INT. RESTAURANTE - NOITE
No salão
principal dum restaurante com aspecto moderno
repleto de PESSOAS há duas mesas que se destacam.
Numa está MIGUEL(25) e RUI(25), dois jovens rapazes
vestidos com roupas modernas, cabelos
penteados meticulosamente com muito
gel. A linguagem corporal de Rui é efeminada. Já não têm pratos, estão ambos a beber
digestivos.
Noutra mesa
está ALBERTO(25) e MARTA(25). Ele está notoriamente aborrecido e ela mexe-se
como que impaciente. Esperam o ser servidos.
As duas
mesas são separadas, mas próximas o suficiente para que
as conversas se consigam
ouvir duma mesa para a outra.
MIGUEL
Gostaste?
RUI
Sim. As tuas escolhas
gastronómicas estão cada vez melhores.
Miguel sorri.
MIGUEL
Bebe mais, tenho novidades
para ti.
Miguel dá um trago mais longo na sua bebida.
MIGUEL (CONT)
Desde que chegámos que tenho estado
a ganhar coragem para te dizer o
que tenho para dizer.
Rui sobressalta-se em expectativa.
RUI
O que é?
Miguel agarra
nas mãos de Rui, olha nos olhos dele com amor.
Na mesa
ao lado Alberto observa a situação e está cada vez mais incomodado.
Miguel engole
em seco, a preparar-se para falar.
MIGUEL
Sabes que eu te adoro e que és tudo
para mim. A minha questão é?
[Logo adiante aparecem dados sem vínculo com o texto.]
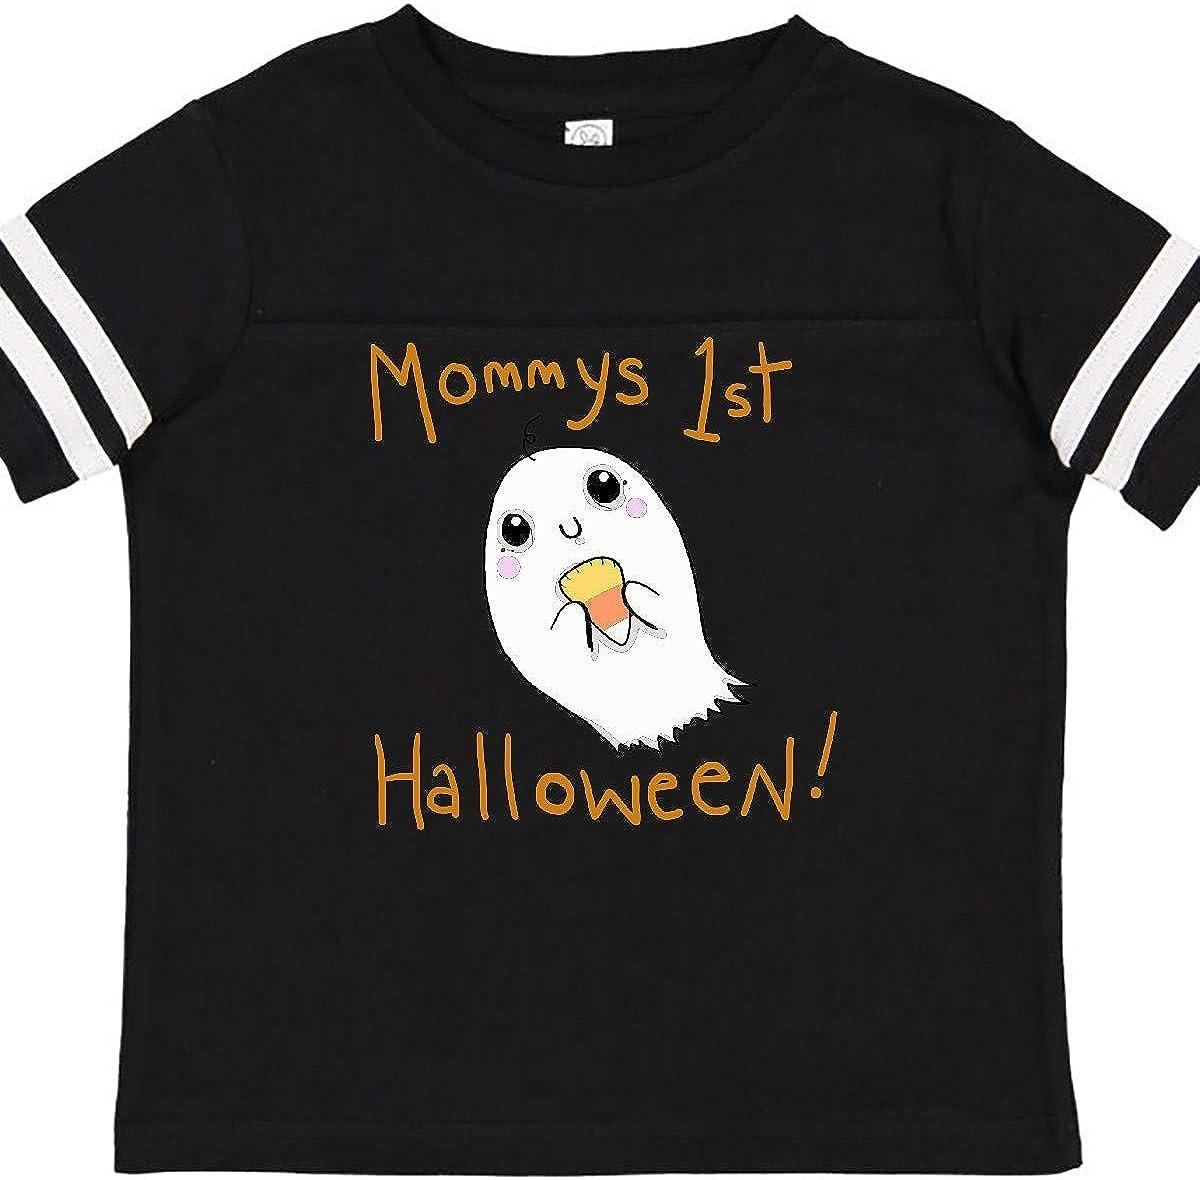 inktastic Mommy 1st Halloween Toddler T-Shirt Gus Fink Studios

Queres
oficializar a nossa união.
Rui exalta-se em felicidade.
2.
RUI
Estás a propor-me em casamento?
Claro que sim!
Nisto Alberto
roda sobre a cadeira e dirige-se em voz assertiva para os dois homens
do lado.
ALBERTO
Não! (pausa) Não aguento
mais!
MIGUEL
Desculpe?
ALBERTO
Agora é que não desculpo! Não estou para aturar mais isto. Vocês têm alguma noção...?
MIGUEL (ofendido)
O quê?
Você tem alguma
coisa contra a homossexualidade?
O restaurante pára em silêncio,
dirigindo as suas atenções para aquelas duas mesas.
ALBERTO
Eu não. Mas já não aguento
mais.
Vocês estão a criar precedentes que
me afectam a mim directamente.
MIGUEL
Desculpe mas você está a ser mal
educado. Eu nem o conheço de lado
nenhum.
Marta que até ali tem sido uma simples
espectadora incrédula, tenta acalmar Alberto.
MARTA
O que é que te deu? Pára com isso!
Alberto agora toma uma atitude mais calma e dirige-se ao outros
dois homens.
ALBERTO
Eu passo a explicar: Eu não tenho
nada contra a homossexualidade, mas
vocês criam objectivos que eu não
estou capacitado a atingir.
Primeiro, os perfumes. Eu nunca tinha usado perfume na vida, até a
(CONTINUA)
3.
ALBERTO (CONTINUA)
minha namorada me vir com história
que um amigo gay dela tinha um
perfume qualquer
que sabia a
morangos... logo passei a usar... e
sou alérgico a morangos.
Marta sorri
e acena afirmativamente.
ALBERTO (CONT)
Segundo. Gel no cabelo?
O tempo que
agora demoro só para me pentear!
Só
porque o amigo gay dela usa uns
penteados muito
modernos.
Rui e Miguel agora adoptam uma pose mais relaxada mas curiosa.
ALBERTO
(CONT) Depilação no peito?
A sério? Eu tenho
mais pelo que um São Bernardo... Aquilo custa a arrancar... E tudo por causa do amigo gay.
MARTA
Mas é mais suave ao toque.
Alberto olha para ela com cara de chateado.
ALBERTO
Agora venho jantar com ela a um
sítio todo fino só porque ela faz
anos, e vocês começam
a falar em
casamento?... Eu queria mesmo era a
irmã!
Marta levanta-se subitamente, dá um estalo violento
na cara de Alberto e sai.
Alberto resigna-se no seu lugar.
ALBERTO
Não vale a pena desperdiçar um
perfume caro e o peito depilado.
A
seguir, vocês vão beber um copo a
algum lado?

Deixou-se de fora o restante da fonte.